Alerts
Alert Management
| Action | WebUI Instructions |
|---|---|
View latest alerts |
Bell Icon (toolbar) |
View all alerts |
Bell Icon (toolbar) > View all notifications |
Navigate to alerted resource |
Bell Icon (toolbar) > [Alert] Bell Icon (toolbar) > View all notifications > [Alert] |
Acknowledge alert |
Bell Icon (toolbar) > [Alert] Overflow Menu > Mark Read Bell Icon (toolbar) > View all notifications > [Alert] Overflow Menu > Mark Read |
Delete alert |
Bell Icon (toolbar) > View all notifications > [Alert] Overflow Menu > Delete Note: Only alerts which have been marked as read can be deleted. |
Alert Definitions
The alerts are listed here by their KeySafe 5 alert type.
The "nShield Monitor Alert" row, where available, indicates that the alert is similar, although not necessarily identical, to a legacy alert from nShield Monitor.
Data marked with "*" are returned only as part of the summary and not as a specific alert record field. For more information about what data is returned, see Labels.
HSM PSU Failure
HSM PSU failed error condition has occurred.
Valid parameters |
for |
|---|---|
OpenMetrics used |
nshield_error_conditions(source="psu_failed") |
Other data returned |
esn |
nShield Monitor alert |
NShieldPowerSupplyFailure |
HSM Fan Failure
HSM Fan failed error condition has occurred.
Valid parameters |
for |
|---|---|
OpenMetrics used |
nshield_error_conditions(source="fanX") |
Other data returned |
esn, source* |
HSM Chassis Battery
HSM Chassis battery error condition has occurred.
Valid parameters |
for |
|---|---|
OpenMetrics used |
nshield_error_conditions(source="chassis_battery_low") |
Other data returned |
esn |
HSM Fan Speed
The alert is triggered if a fan speed drops below the minimum limit or exceeds the maximum limit.
Valid parameters |
for, over |
|---|---|
OpenMetrics used |
nshield_fan_speed_rpm, nshield_fan_speed_limit_rpm |
Other data returned |
esn, fan_id |
nShield Monitor alert |
NShieldXCFanSpeedZero |
HSM Memory Usage Percentage
This is the sum of the module kernel and user memory, expressed as a percentage of the total amount of available memory.
Valid parameters |
min, max, for, over |
|---|---|
OpenMetrics used |
nshield_module_mem_bytes, nshield_module_mem_alloc_kernel_bytes, nshield_module_mem_alloc_user_bytes |
Other data returned |
esn |
nShield Monitor alert |
memoryUsageHighAlert / memoryUsageOkAlert |
HSM Temperature Percentage
The temperature of any sensor, expressed as a percentage of its reported maximum value (calculated from 0°C), is over the specified maximum.
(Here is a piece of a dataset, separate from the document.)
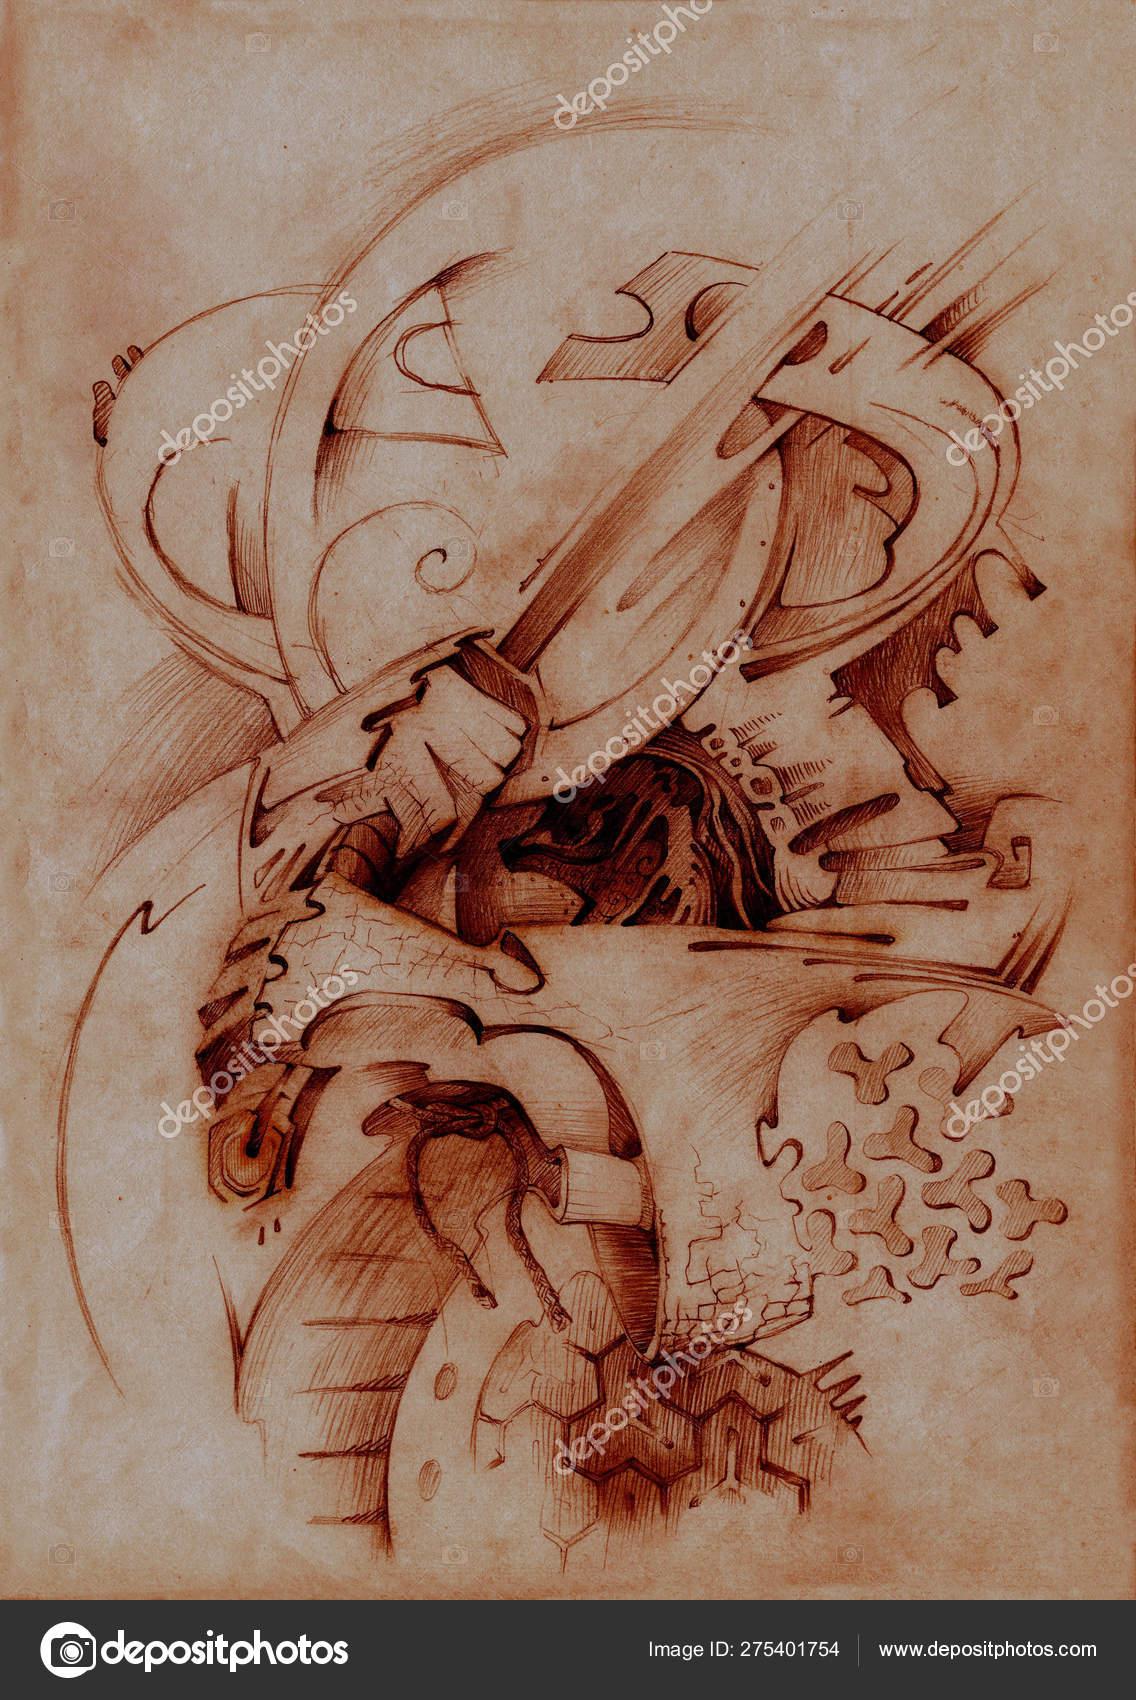 Illustration Samurai Graphics Made Paper Red Chalk Abstract Symbolic Art Stock Photo C Piterkrig 275401754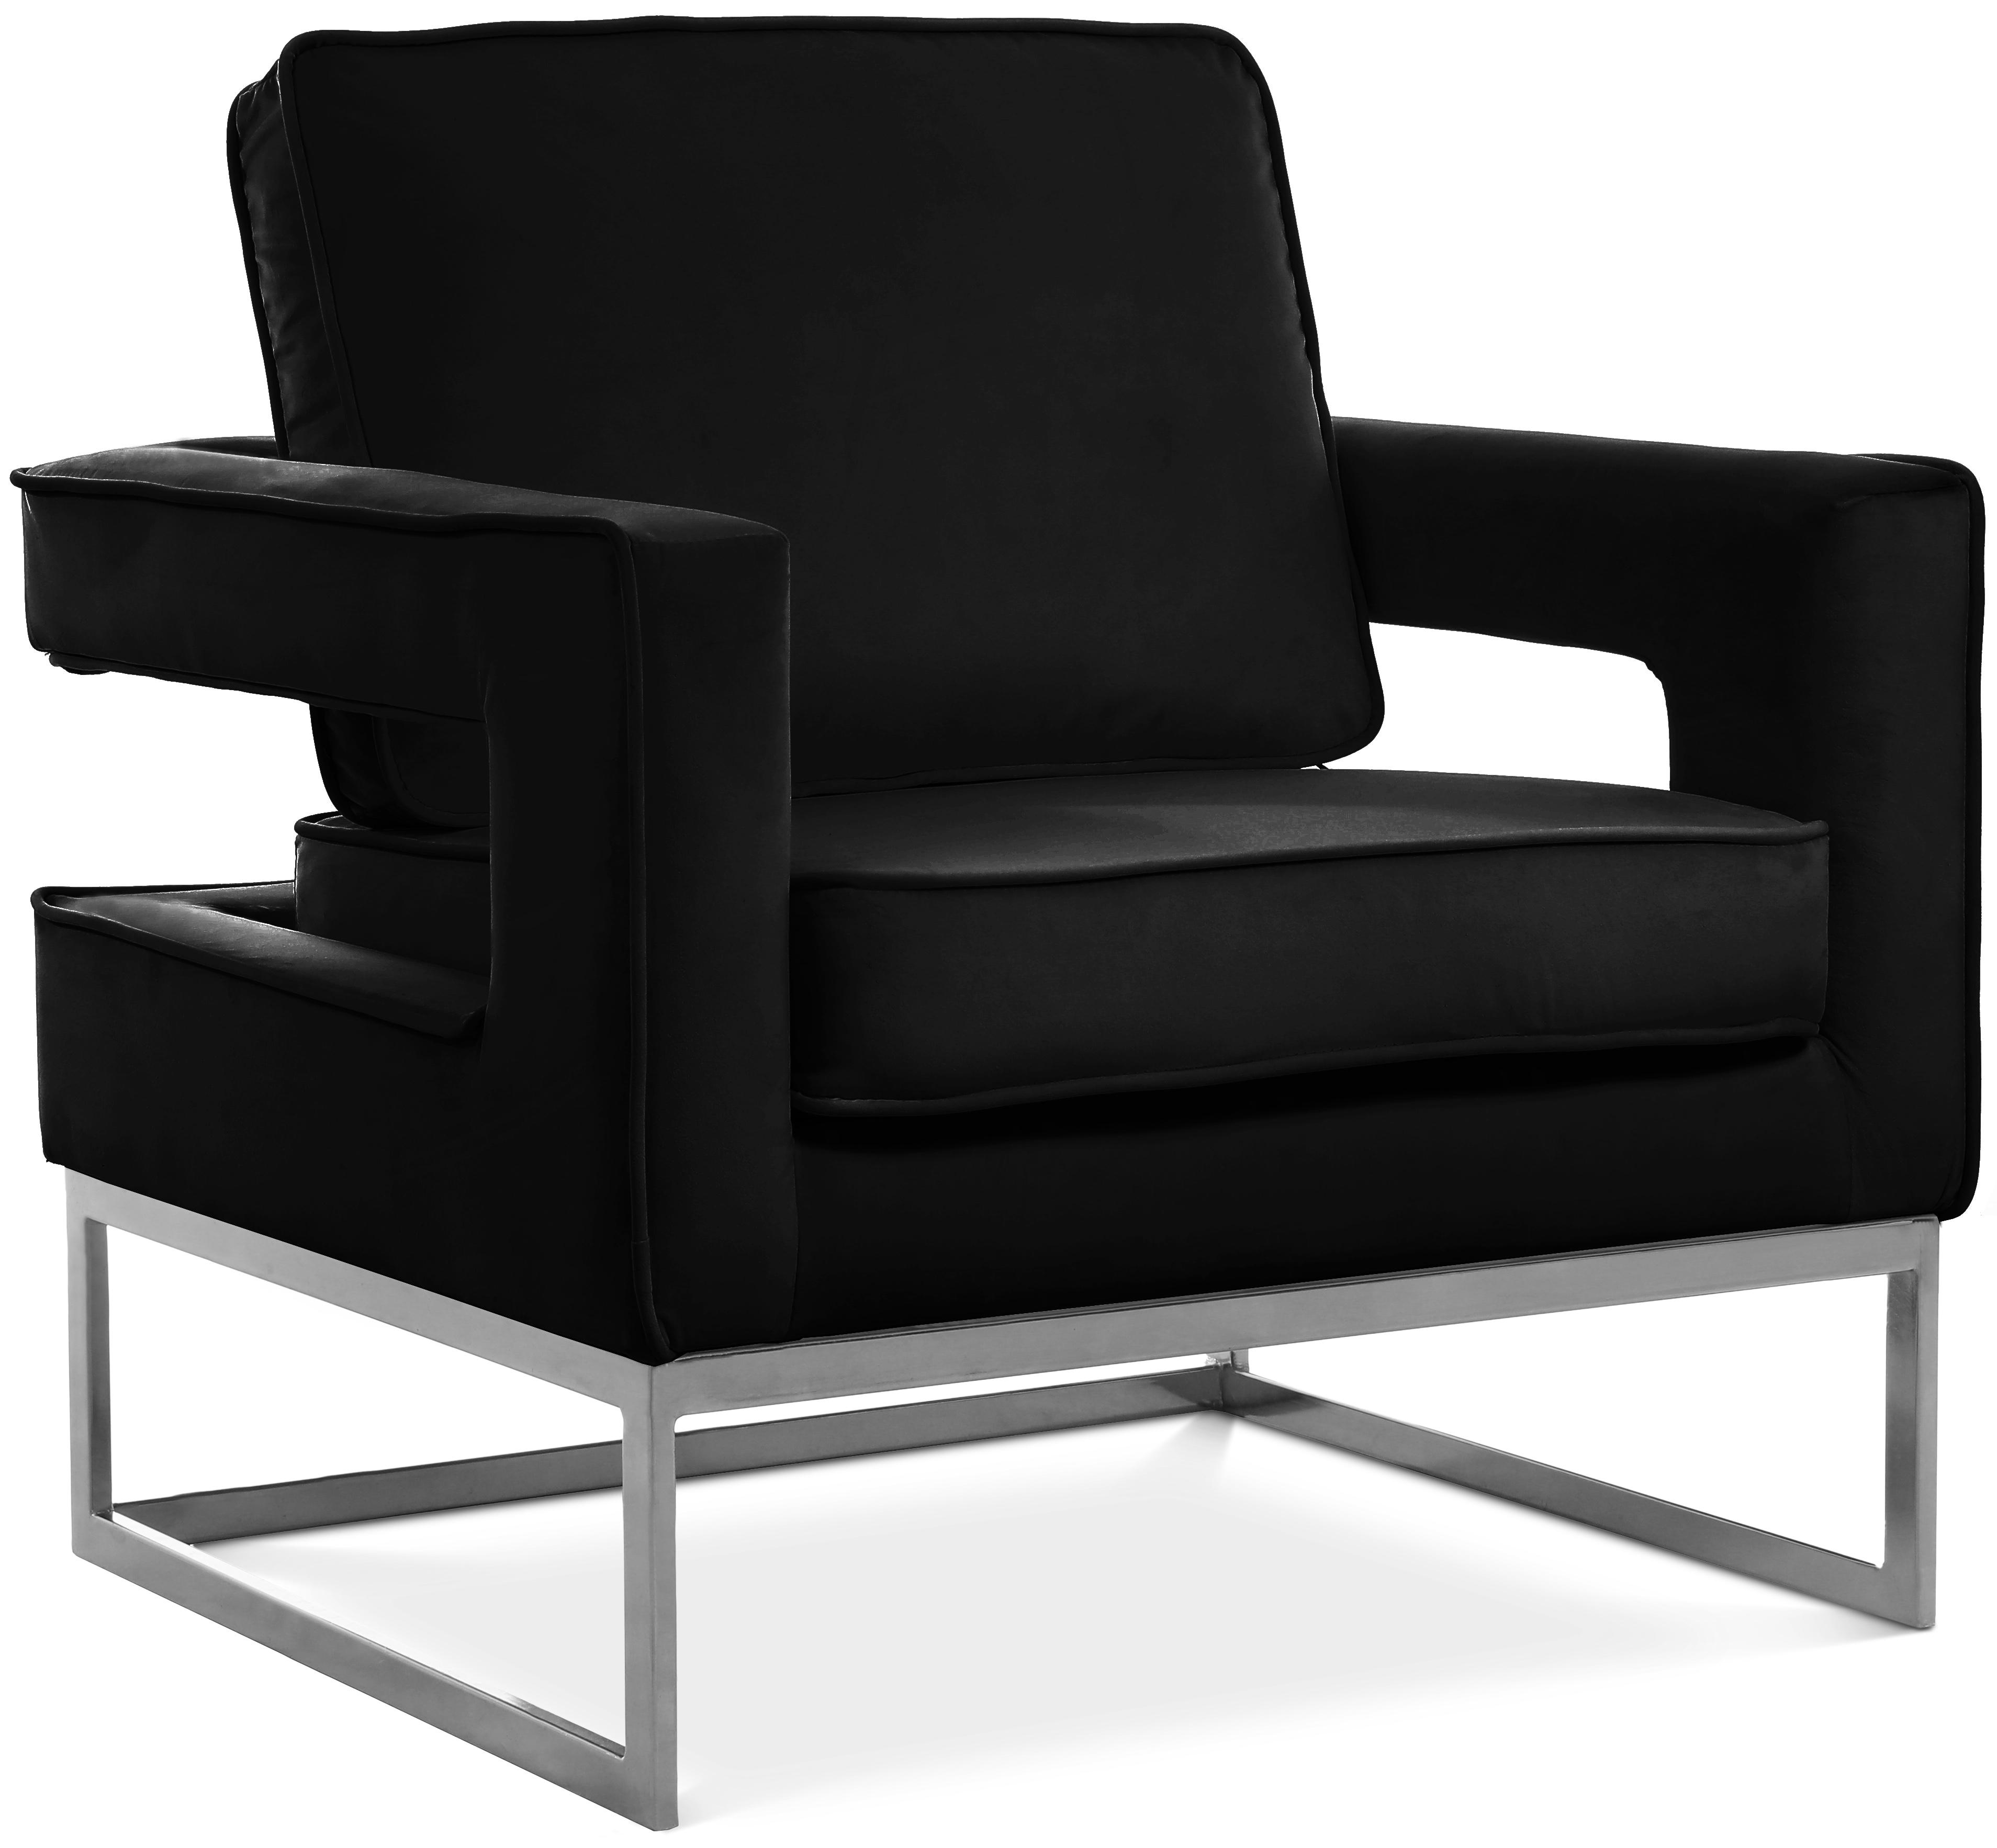 Noah Black Velvet Accent Chair

The maximum allowed value is 150 percent.
Valid parameters |
max, for, over |
|---|---|
OpenMetrics used |
nshield_temperature_celsius, nshield_temperature_limit_celsius |
Other data returned |
esn, sensor* |
nShield Monitor alert |
NShieldTemperaturePeak |
HSM Queue Percentage
The percentage of the jobs queue length relative to the job queue limit is under the specified minimum or over the specified maximum value.
Valid parameters |
min, max, for, over |
|---|---|
OpenMetrics used |
nshield_queue_in_progress, nshield_queue_length_limit |
Other data returned |
esn, vcm |
nShield Monitor alerts |
DeviceNShieldUtilizationOverloads / DeviceNShieldUtilizationPeakEvent |
HSM Objects Count
The number of created objects is under the specified minimum or over the specified maximum value.
Valid parameters |
min, max, for, over |
|---|---|
OpenMetrics used |
nshield_objects_stored_total, nshield_objects_destroyed_total |
Other data returned |
esn, vcm |
nShield Monitor alert |
DeviceNShieldHigHObjectCount |
Host Hardserver
The host hardserver has failed to communicate recently.
Valid parameters |
for |
|---|---|
OpenMetrics used |
nshield_hardserver_liveness |
Other data returned |
host |
nShield Monitor alert |
ClientHostHardserverFailure |
HSM Liveness
The HSM has failed to respond and supply metrics.
Valid parameters |
for |
|---|---|
OpenMetrics used |
nshield_hsm_liveness |
Other data returned |
esn, vcm |
nShield Monitor alert |
DeviceConnStatus |
Host Liveness
The Host has failed to communicate recently.
Valid parameters |
for |
|---|---|
OpenMetrics used |
nshield_host_liveness |
Other data returned |
host |
Licence Expiry
KeySafe 5 licence will expire in less than the specified minimum time.
Valid parameters |
min |
|---|---|
OpenMetrics used |
keysafe5_licence_expiry |
Other data returned |
licence |
HSM Client Licences Remaining
The number of crypto client licences remaining is less than the specified minimum.
Valid parameters |
min, for, over |
|---|---|
OpenMetrics used |
nshield_current_crypto_clients nshield_current_crypto_clients_limit |
Other data returned |
esn |
Certificate Expiry
KeySafe 5 certificate will expire in less than the specified minimum time.
Valid parameters |
min |
|---|---|
OpenMetrics used |
keysafe5_certificate_expiry |
Other data returned |
type, agent1 |
-
typeandagentvalues determine which of the following certificates is expiring:-
Central platform will have type "central" or type "ca" (System certificate, System CA certificate)
-
Agents will have type "agent" or type "ca" but will have an agent id (Agent <agent id> certificate, Agent <agent id> CA certificate)
-